Ao longo dos anos, Harris supervisionou muitos outros casos horríveis de violência doméstica e crimes sexuais que abalaram as comunidades locais - o caso de Francisco Ortiz, condenado em 2005 por matar a namorada e incendiar o seu corpo; Frank Green, condenado a 15 anos de prisão perpétua depois de ter sido acusado de espancar violentamente, estrangular e atirar de uma janela de seis andares a namorada; e o Dr. Jose Rosas, condenado por agredir sexualmente três das suas pacientes.

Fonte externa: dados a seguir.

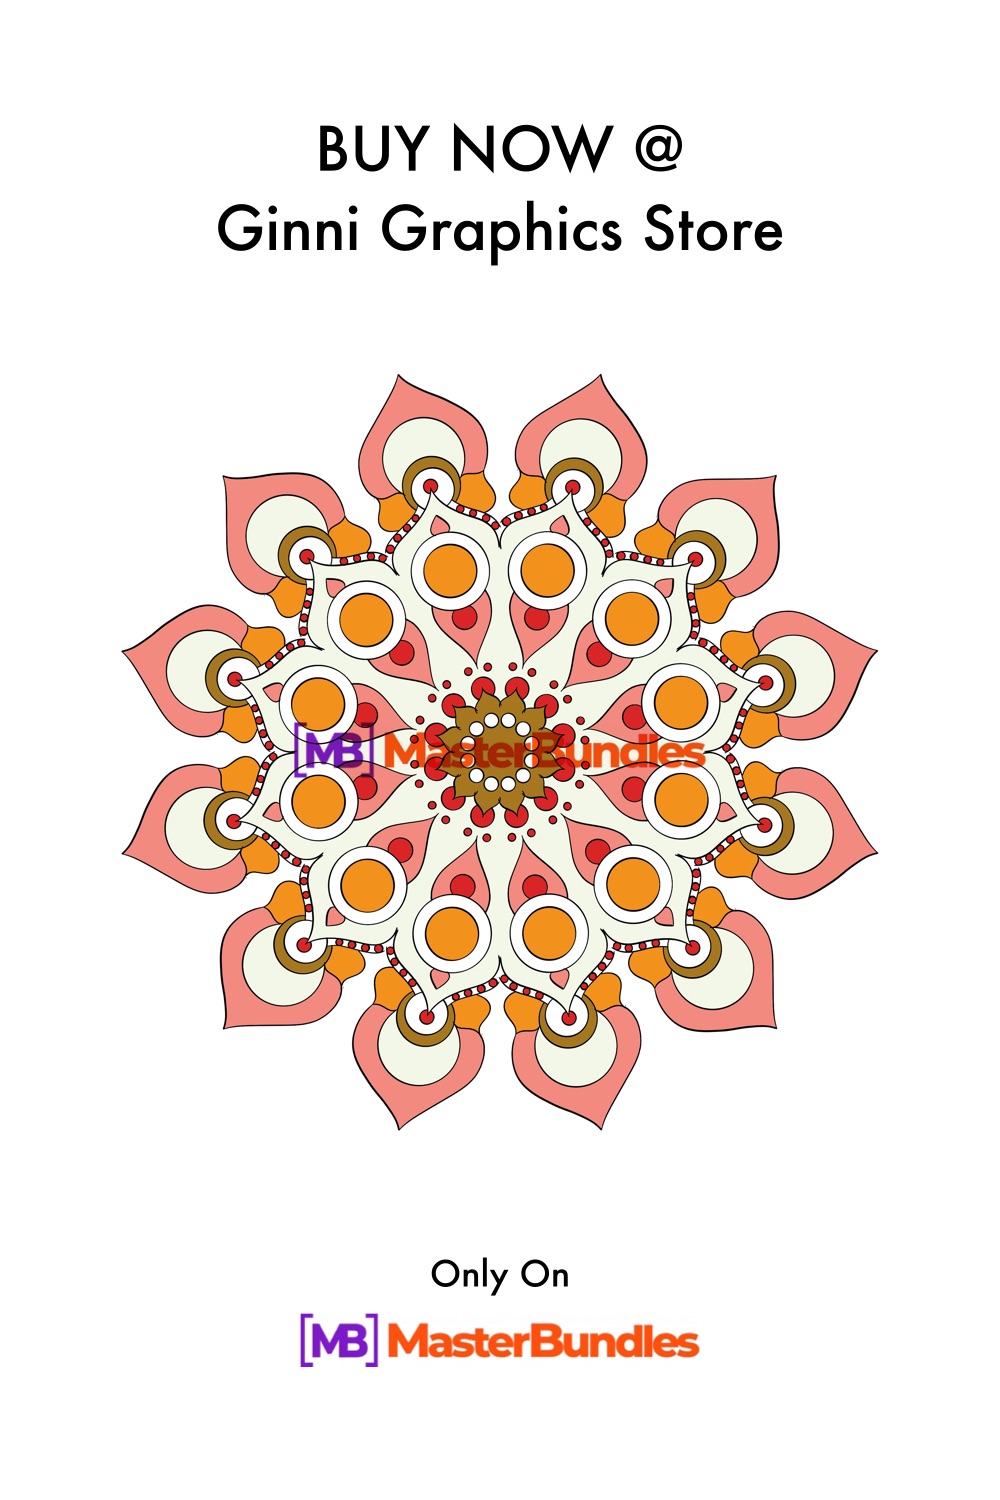 Colourful Mandala Design - Thin Strokes pinterest preview image.

Trump, o oponente republicano de Harris, é também um autoproclamado proprietário de armas. Mas a CNN noticiou, em junho, que o Departamento de Polícia de Nova Iorque se preparava para revogar a licença de porte de arma do antigo presidente, na sequência da sua acusação criminal em Nova Iorque, e que a sua licença de porte oculto tinha sido discretamente suspensa, enquanto duas das três pistolas que tinha licença de porte foram entregues à Polícia de Nova Iorque no início do ano.
Walz, o governador do Minnesota e companheiro de Harris, também é proprietário de armas. Com Trump e o seu candidato a vice-Presidente, o Senador do Ohio JD Vance, a atacarem frequentemente a candidatura democrata como sendo firmemente anti-Segunda Emenda, tanto Harris como Walz têm procurado defender que o apoio ao direito de posse de armas e às leis de segurança das armas não são mutuamente opostos.
“Já processei pessoalmente casos de homicídio. Vi pessoalmente as autópsias. Vi pessoalmente o que as armas de assalto provocam no corpo humano e, por isso, considero que é coerente com a Segunda Emenda e com o seu direito a possuir uma arma dizer que precisamos de proibir as armas de assalto”, disse Harris esta semana numa entrevista à estação de televisão WPVI de Filadélfia. “São literalmente instrumentos de guerra”.